Все подбежали к царю и повлекли его вон из палаты.
Петр вдруг весь опустился, ослабел, присмирел и стал послушен, как ребенок: шел, куда вели, делал, что хотели.
В сенях застенка Толстой, заметив, что у царя руки в крови, велел подать рукомойник. Он стал покорно умываться. Вода порозовела.
Его вывели из крепости, усадили в шлюпку и отвезли во дворец.
Толстой и Меншиков не отходили от царя. Чтобы занять и развлечь, говорили о посторонних делах. Он слушал спокойно, отвечал разумно. Давал резолюции, подписывал бумаги. Но потом не мог вспомнить того, что делал тогда, как будто провел все это время во сне или в обмороке. О сыне сам не заговаривал, точно забыл о нем вовсе.
Наконец, в шестом часу вечера, когда донесли Толстому и Меншикову, что царевич при смерти, они должны были напомнить о нем государю. Тот выслушал рассеянно, как будто не понимал, о чем говорят. Однако сел опять в шлюпку и поехал в крепость.
Царевича перенесли из пыточной палаты в каземат на прежнее место. Он уже не приходил в себя.
Государь и министры пошли в комнату умирающего. Когда узнали, что он не причащался, то захлопотали, забегали с растерянным видом. Послали за соборным протопопом, отцом Георгием. Он прибежал, запыхавшись, с таким же испуганным видом, как у всех, торопливо вынул из дароносицы запасные Дары, совершил глухую исповедь, пробормотал разрешительные молитвы, велел приподнять голову умирающего, поднес потир и лжицу к самым губам его. Но губы были сжаты, зубы крепко стиснуты. Золотая лжица ударялась о них и звенела в трепетной руке отца Георгия. На плат спадали капли крови. На лицах у всех был ужас.
Вдруг в бесчувственном лице Петра промелькнула гневная мысль.
Он подошел к священнику и сказал:
– Оставь! Не надо.
И царю показалось или только почудилось, что умирающий улыбнулся ему последнею улыбкою.
В тот же самый час, как вчера, на том же самом месте, у изголовья царевича, солнце осветило белую стену. Белый как лунь старичок держал в руках чашу, подобную солнцу.
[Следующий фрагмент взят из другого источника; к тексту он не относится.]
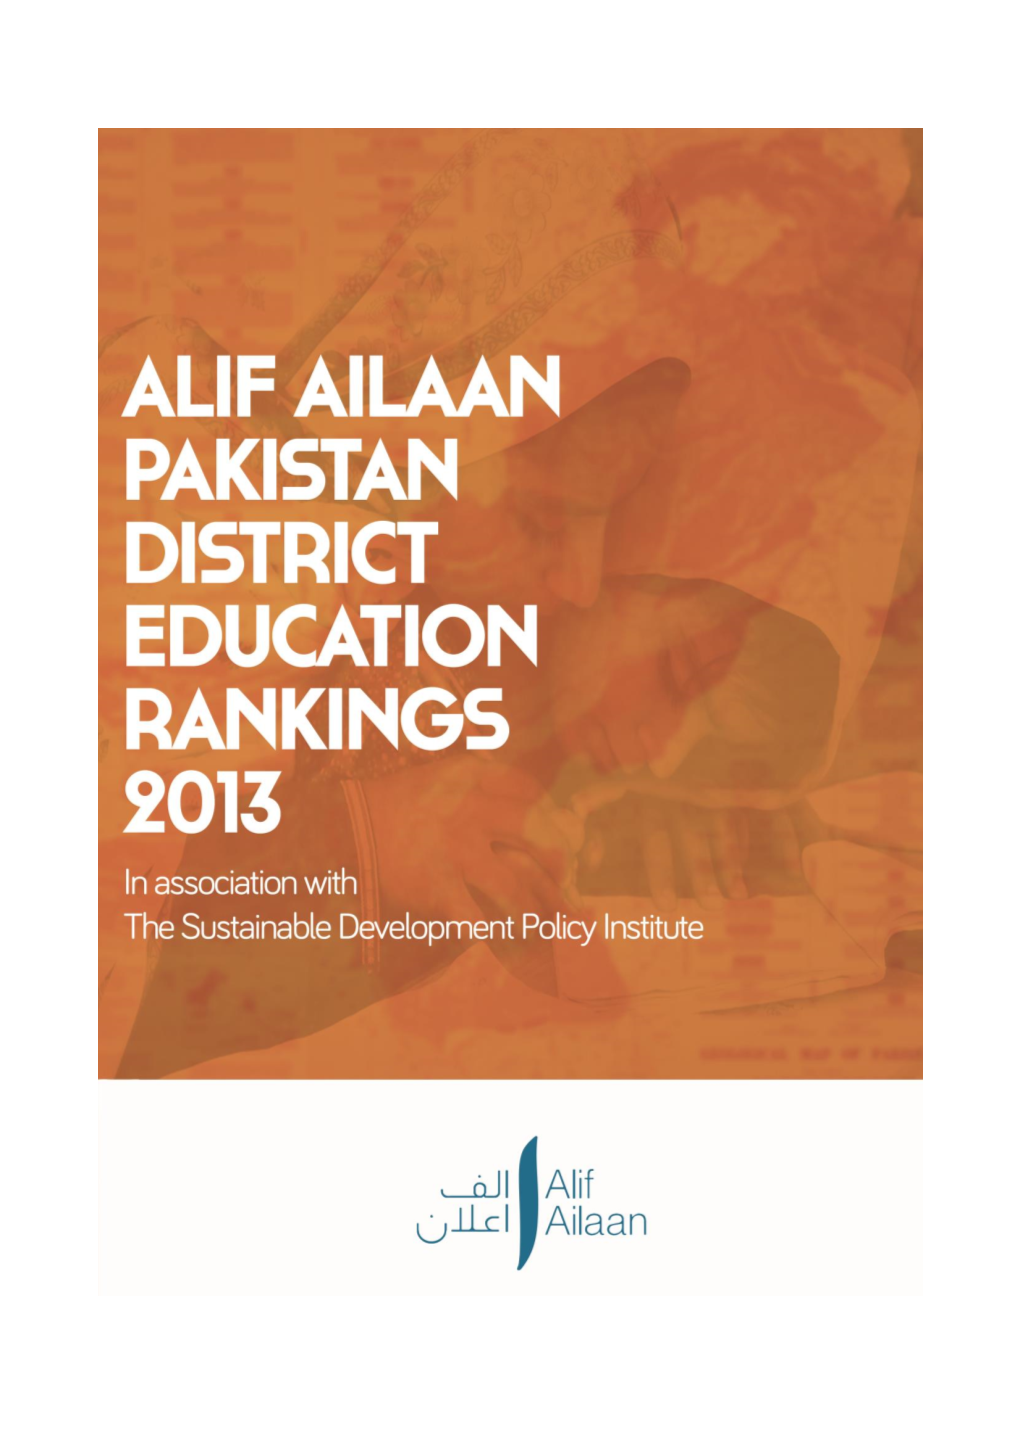 Alif Ailaan Pakistan District Education Rankings 2013

Солнце потухло. Царевич вздохнул, как вздыхают засыпающие дети.
Лейб-медик пощупал руку его и сказал что-то на ухо Меншикову. Тот перекрестился и объявил торжественно:
– Его высочество, государь-царевич Алексей Петрович преставился.
Все опустились на колени, кроме царя. Он был неподвижен. Лицо его казалось мертвее, чем лицо умершего.
VIII
«В России когда-нибудь кончится все ужасным бунтом и самодержавие падет, ибо миллионы вопиют к Богу против царя», – писал ганноверский резидент Вебер из Петербурга, извещая о смерти царевича.
«Кронпринц скончался не от удара, как здесь утверждают, а от меча или топора, – доносил резидент императорский Плейер. – В день его смерти никого не пускали в крепость, и перед вечером заперли ее. Голландский плотник, работавший на новой башне собора и оставшийся там на ночь незамеченным, вечером видел сверху близ пыточного каземата головы каких-то людей и рассказал о том своей теще, повивальной бабке голландского резидента. Тело кронпринца положено в простой гроб из плохих досок; голова несколько прикрыта, а шея обвязана платком со складками, как бы для бритья».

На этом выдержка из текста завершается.